- [WHAT IS BEING ASKED]: Only the lines below, from the one with "The NFL is yet" through the one with "Philips Hue gets", are to be written out, exactly.

- [WORKING DATA]:
▽

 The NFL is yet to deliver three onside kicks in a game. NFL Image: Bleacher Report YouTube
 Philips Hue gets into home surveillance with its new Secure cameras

△
▽

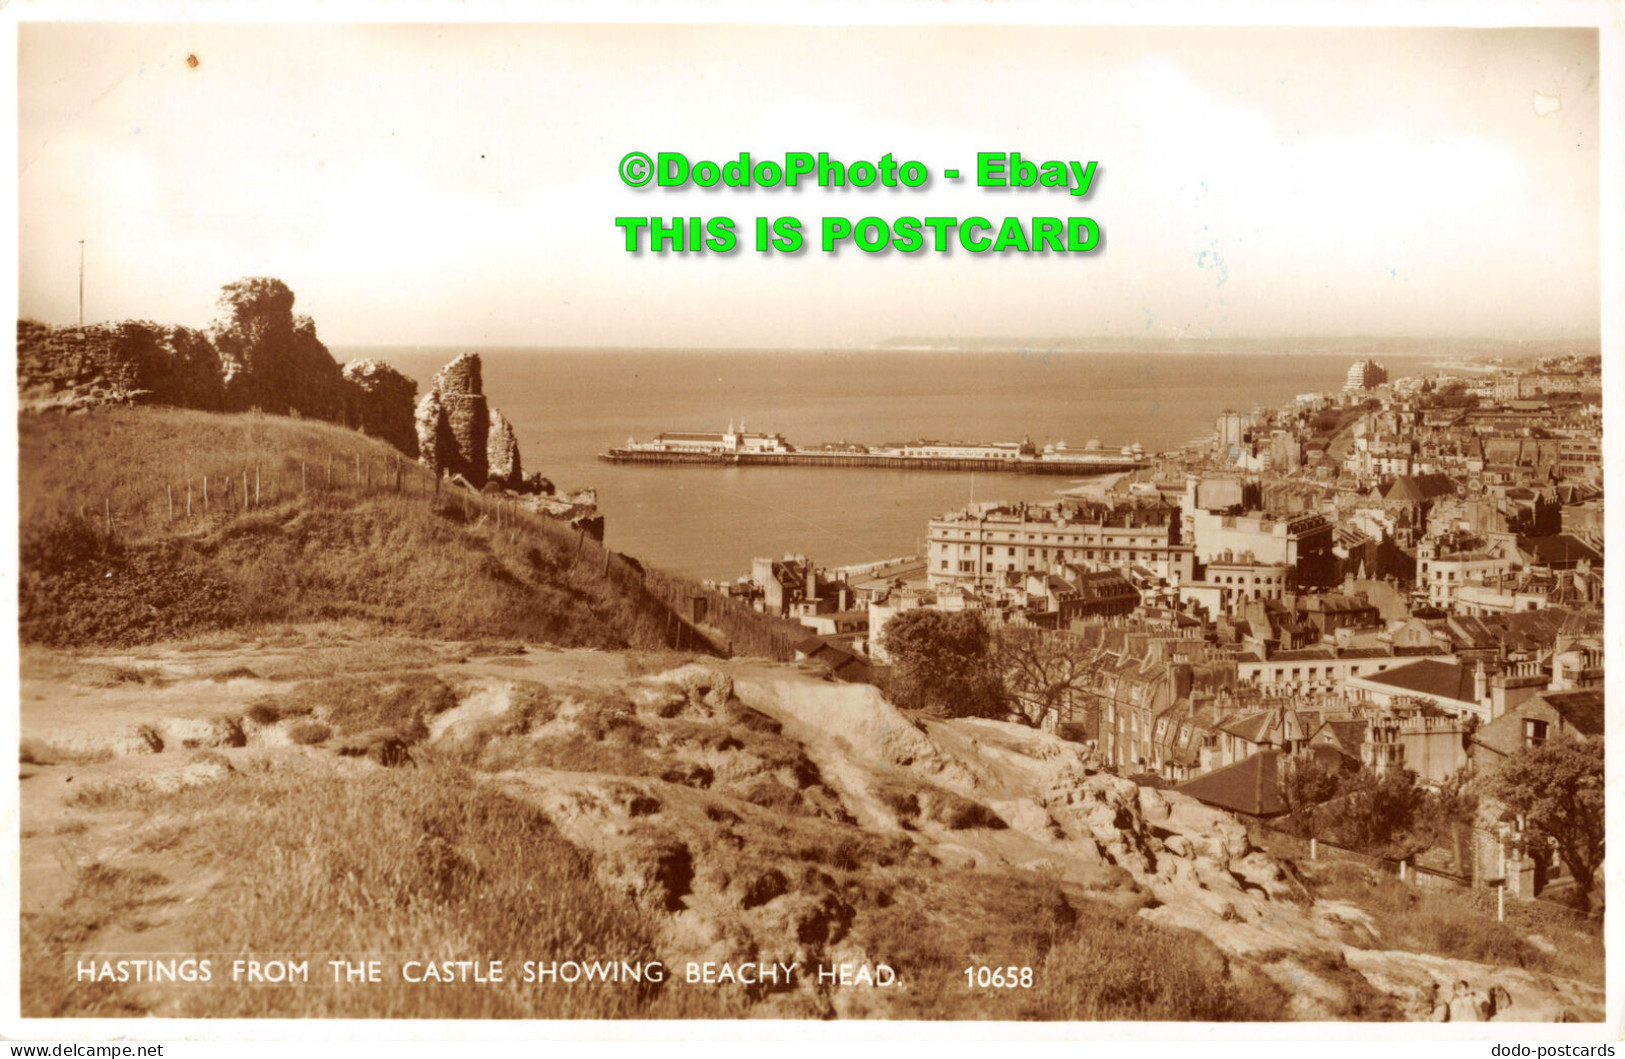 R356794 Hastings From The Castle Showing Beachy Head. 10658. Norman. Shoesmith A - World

△

- [EXERCISE RESPONSE]:
 The NFL is yet to deliver three onside kicks in a game. NFL Image: Bleacher Report YouTube
 Philips Hue gets into home surveillance with its new Secure cameras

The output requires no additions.